Welcome to Rust-Python Interop for Scientific Codebases!
Slide 4
When evaluating Rust-Python interop, we can ask two very pedantic questions. Why Rust, and why Python?
Slide 5
I’m sure everyone here has their own reasons for preferring Rust: you can also pick from the list up there (my favorite is the type system). But for our purposes, the main benefit is high-performance: we come to Rust because we want to speed up Python. So, why do we use Python?
Slide 6
Well, it’s ubiquitous, easy to learn, and uhhhhhh… lots of people say it’s a language with a lot of great features, and after four years of writing Python I cannot agree. But it's very easy to find people who know it, especially in scientific communities, and plenty of scientific libraries have been written for it, so here we are.
Slide 7
It's not the only language used in academia, though. Alternatives include:
-
R: a language widely used in scientific domains, especially the medical and social sciences, with built-in support for statistical operations, a professional, curated package distribution platform... and that's about it. I originally got into Rust-Python interop because I found an R library that I wanted to use, but faced with the prospect of opening up RStudio, I decided it might be less painful to rewrite it in Python. And then, faced with the prospect of rewriting an entire library in Python, I decided that it would be less painful to rewrite it in Rust first and then figure out some way to call it from a Jupyter notebook. The rest is history.
-
Julia: a high-performance programming language by academics, for academics, intended to replace both Python and R as the lingua franca of scientific programming and machine learning... which just never caught on. It's the awkward middle child in too many ways, and never quite got the traction it needed to take the world by storm.
-
FORTRAN: which is somehow still around. A lot of legacy scientific codebases still use it, or at least have to work around it, particularly in climate science, because they started programming their models in the 60s and never stopped. Its speed is the only thing that recommends it.
Slide 8
So, though Python may not be my favorite language, it's firmly in first place within this domain. But why would we need interoperation?
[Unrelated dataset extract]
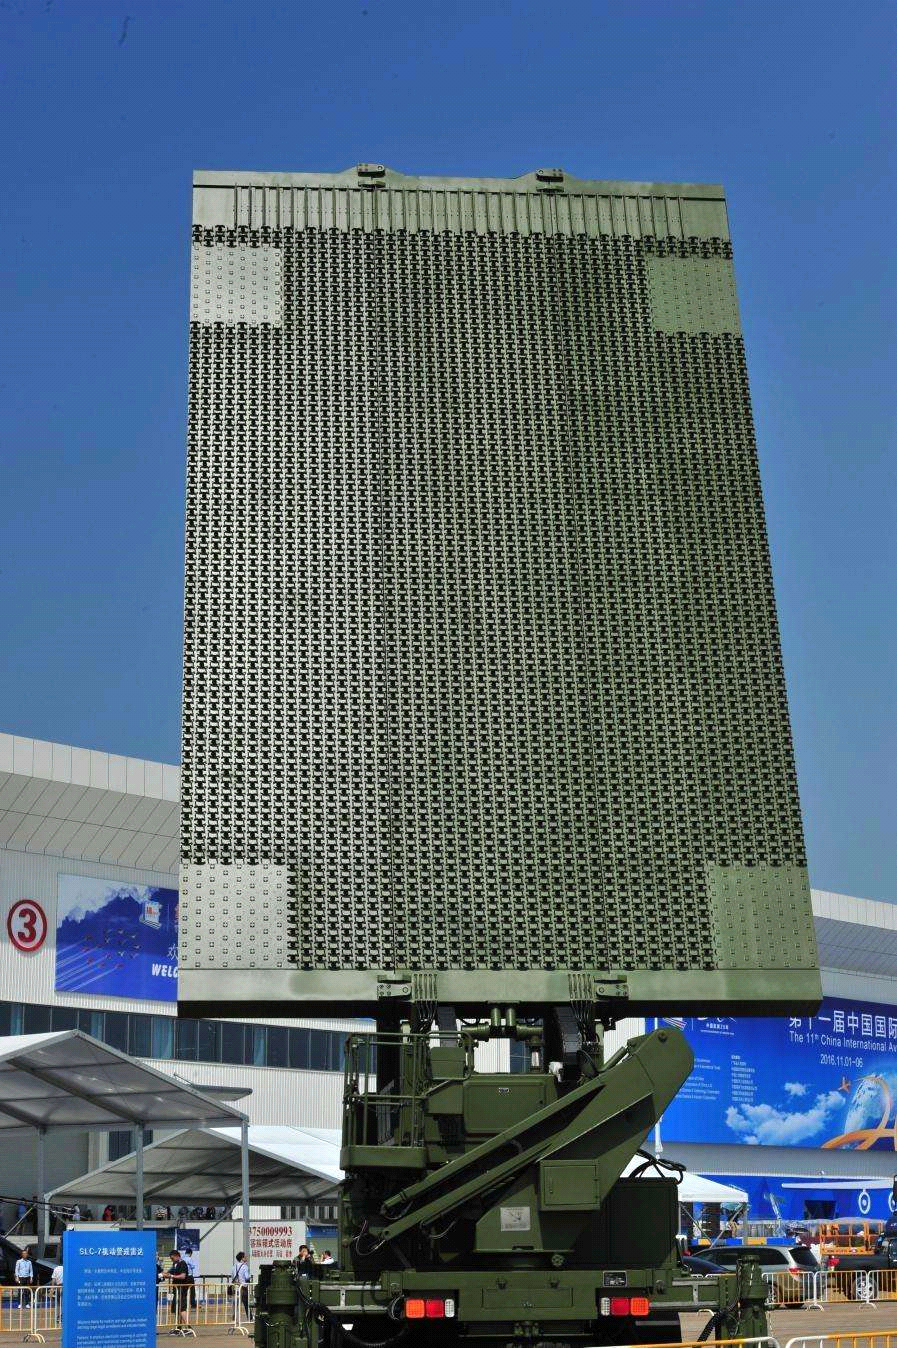 SLC-7是第四代情报雷达的代表型号。

I'm going to be very unscientific for a moment and assert the following graph without evidence.
Most Python code in the scientific domains is short-lived, one-shot code. You do a quick calculation, plot a graph, and forget about it.
Sometimes you'll show it to a couple other people, who might copy it, and you make an effort to at least make it legible.
Some of that code actually gets used in a longer-term project. More rarely, it'll end up in a published library or package. And a very, very small proportion of overall code written will end up being the foundation of your career, and the careers of your colleagues and PhD students.
Slide 9
When we're on the left side of this graph, thinking about performance in any capacity is perverse. Even if you're typing from memory, you will spend orders of magnitude more time writing that matplotlib script than it will take to run. This is a scenario where you really do want to optimize for ease of use.
But as you travel right along this graph, the ratio of time spent writing to time spent running flips. At first, it's worthwhile to stick with what you know and what's comfortable. The costs of throwing out the code you've already written to rewrite it in a more performant language just aren't merited.
Slide 10
And then it happens. Overnight, you find that your library has thousands of users who've plugged into their own applications, and they're wondering why it's so goddamn slow.
You need performance and you need it yesterday. But a full rewrite just isn't in the cards: the codebase is too large and interconnected, and your students' PhD theses depend on introducing a new feature before October, and you're not a full-time software engineer. You just can't take weeks or months on a total rewrite.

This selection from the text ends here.